Hillary Clinton did not set up her private server to intentionally expose national secrets. The exposure of national secrets was the result of unintended consequences. The server was set up “to keep secret the details of the Clintons’ private life—a life built around an elaborate and sweeping money-raising and self-promoting entity known as the Clinton Foundation,” writes Kimberley A. Strassel in the WSJ.
Mrs. Clinton’s problem—as we now know from this week’s release of emails from Huma Abedin ’s private Clinton-server account—was that there was no divide between public and private. Mrs. Clinton’s State Department and her family foundation were one seamless entity—employing the same people, comparing schedules, mixing foundation donors with State supplicants. This is why she maintained a secret server, and why she deleted 15,000 emails that should have been turned over to the government.
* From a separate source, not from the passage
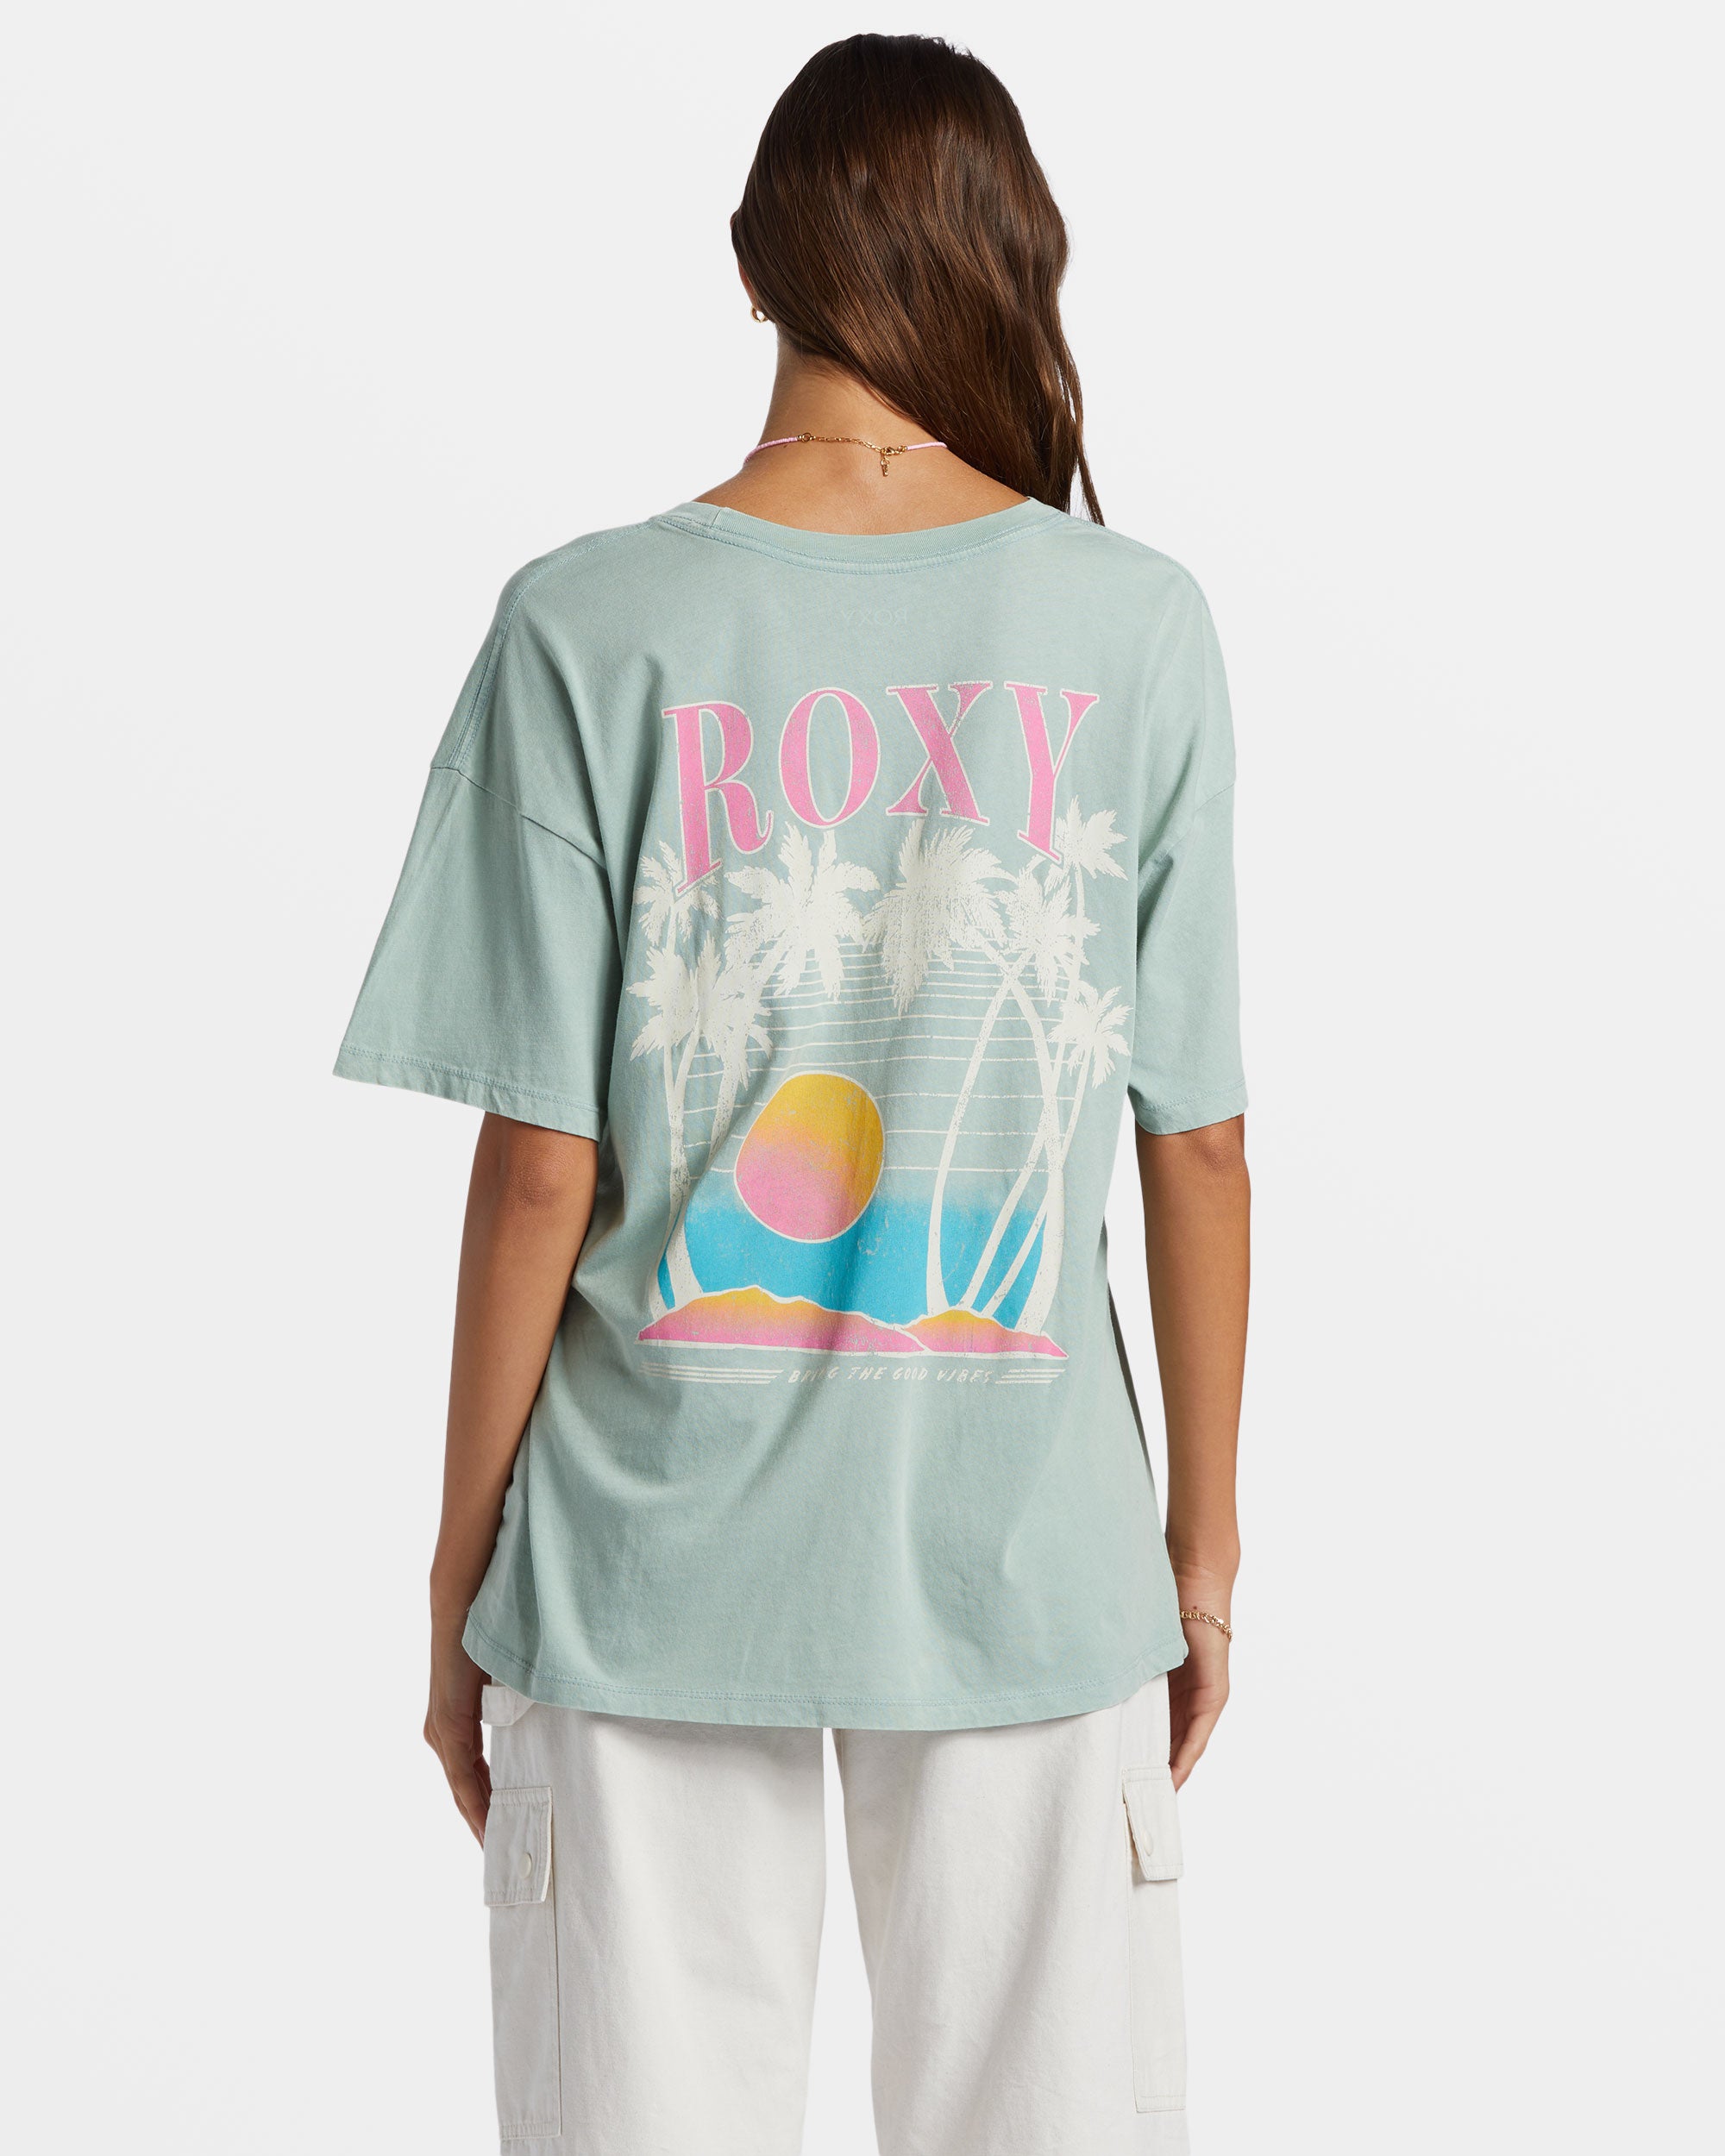 Bring The Good Vibes Oversized T-Shirt - Blue Surf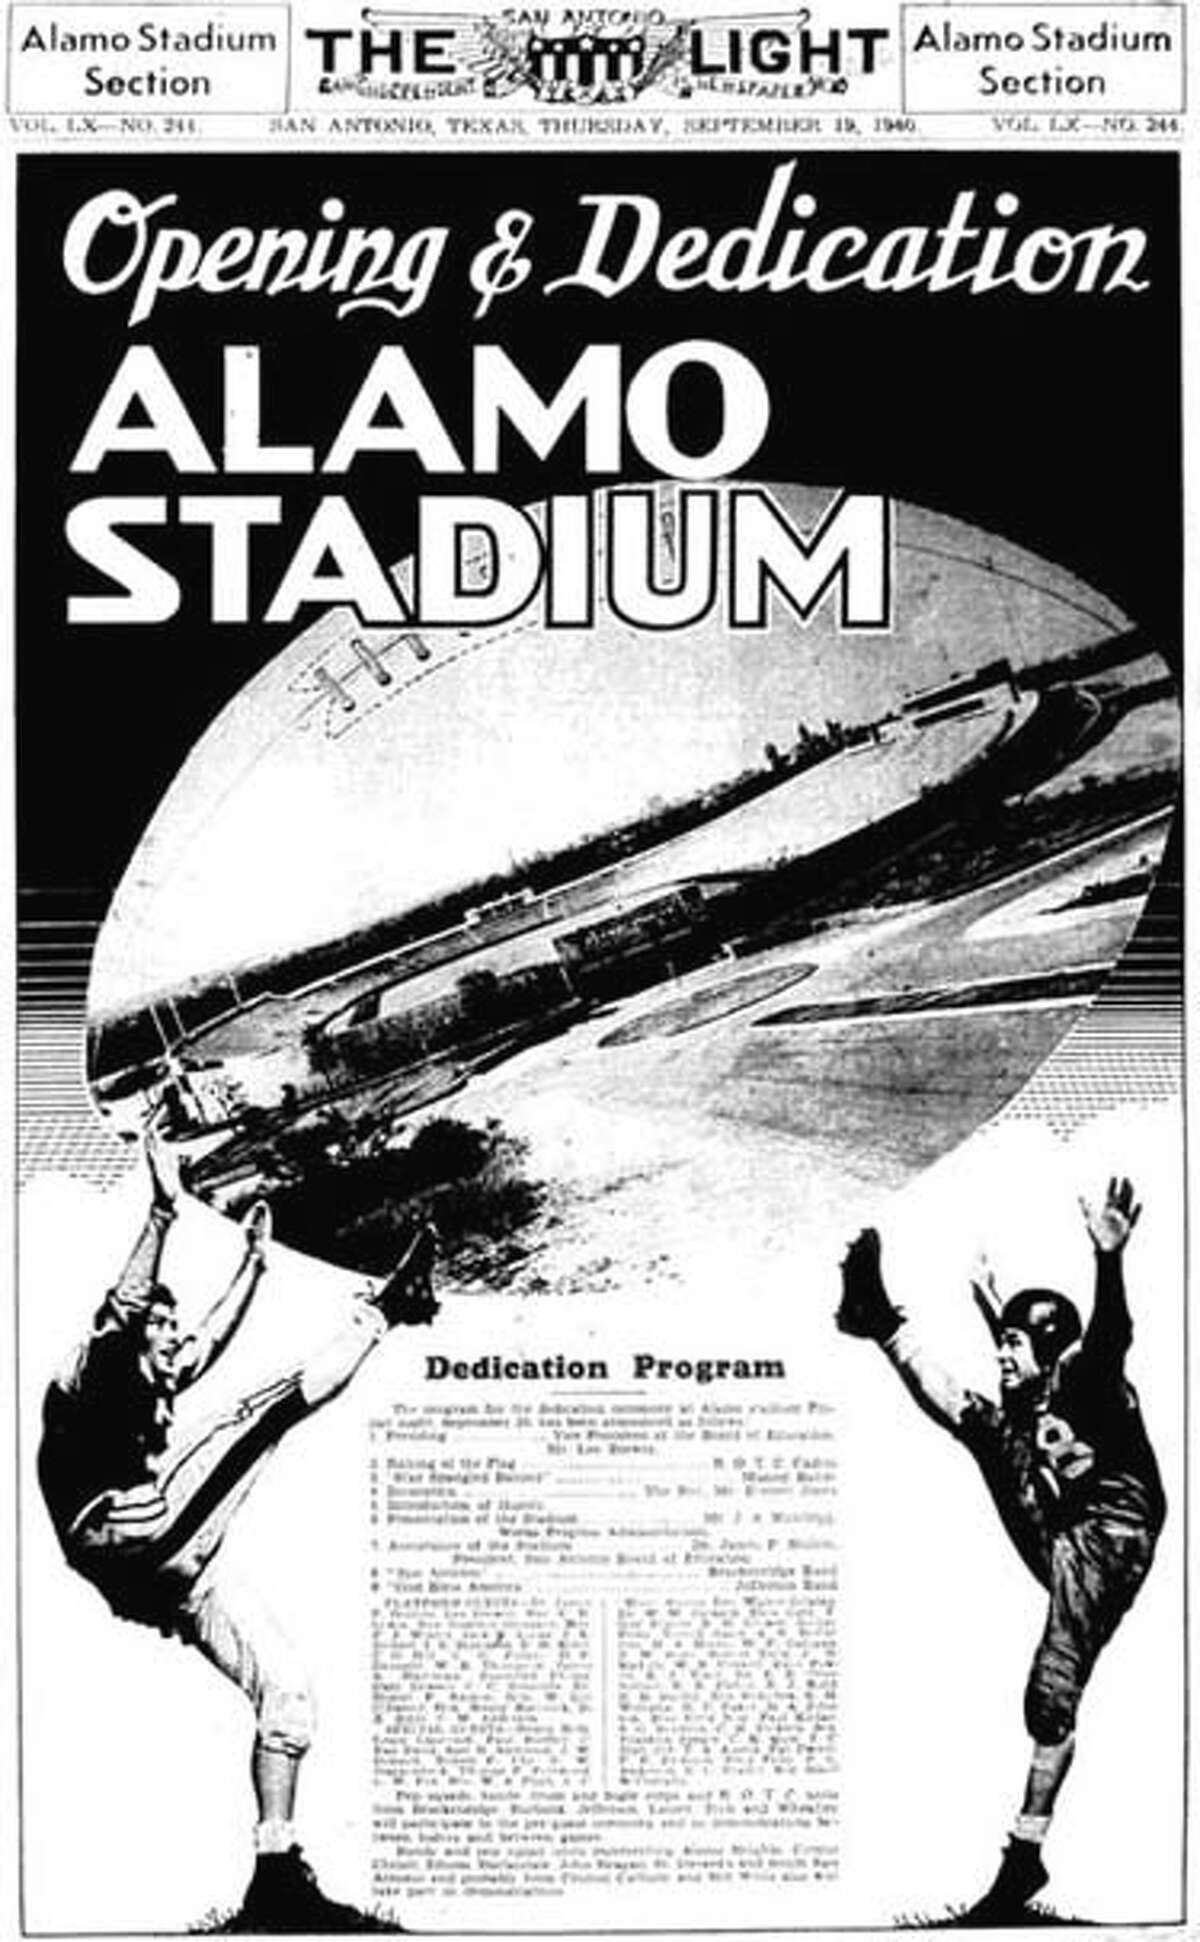 Alamo Stadium’s opening was big news on Sept. 20, 1940. It was the site for two games that day.

Most of the focus on this week’s Abedin emails has centered on the disturbing examples of Clinton Foundation executive Doug Band negotiating State favors for foundation donors. But equally instructive in the 725 pages released by Judicial Watch is the frequency and banality of most of the email interaction. Mr. Band asks if Hillary’s doing this conference, or having that meeting, and when she’s going to Brazil. Ms. Abedin responds that she’s working on it, or will get this or that answer.
The emails between Ms. Abedin and Doug Band “don’t even bother with salutations or signoffs. These are the emails of two people engaged in the same purpose—serving the State-Clinton Foundation nexus.”
Hillary Clinton, as one of our nation’s top officials, created a private server that allowed her to continue “a secret, ongoing entwinement with her family foundation.”
Then she destroyed public records.
Ms. Strassel: “If that alone doesn’t disqualify her for the presidency, it’s hard to know what would.”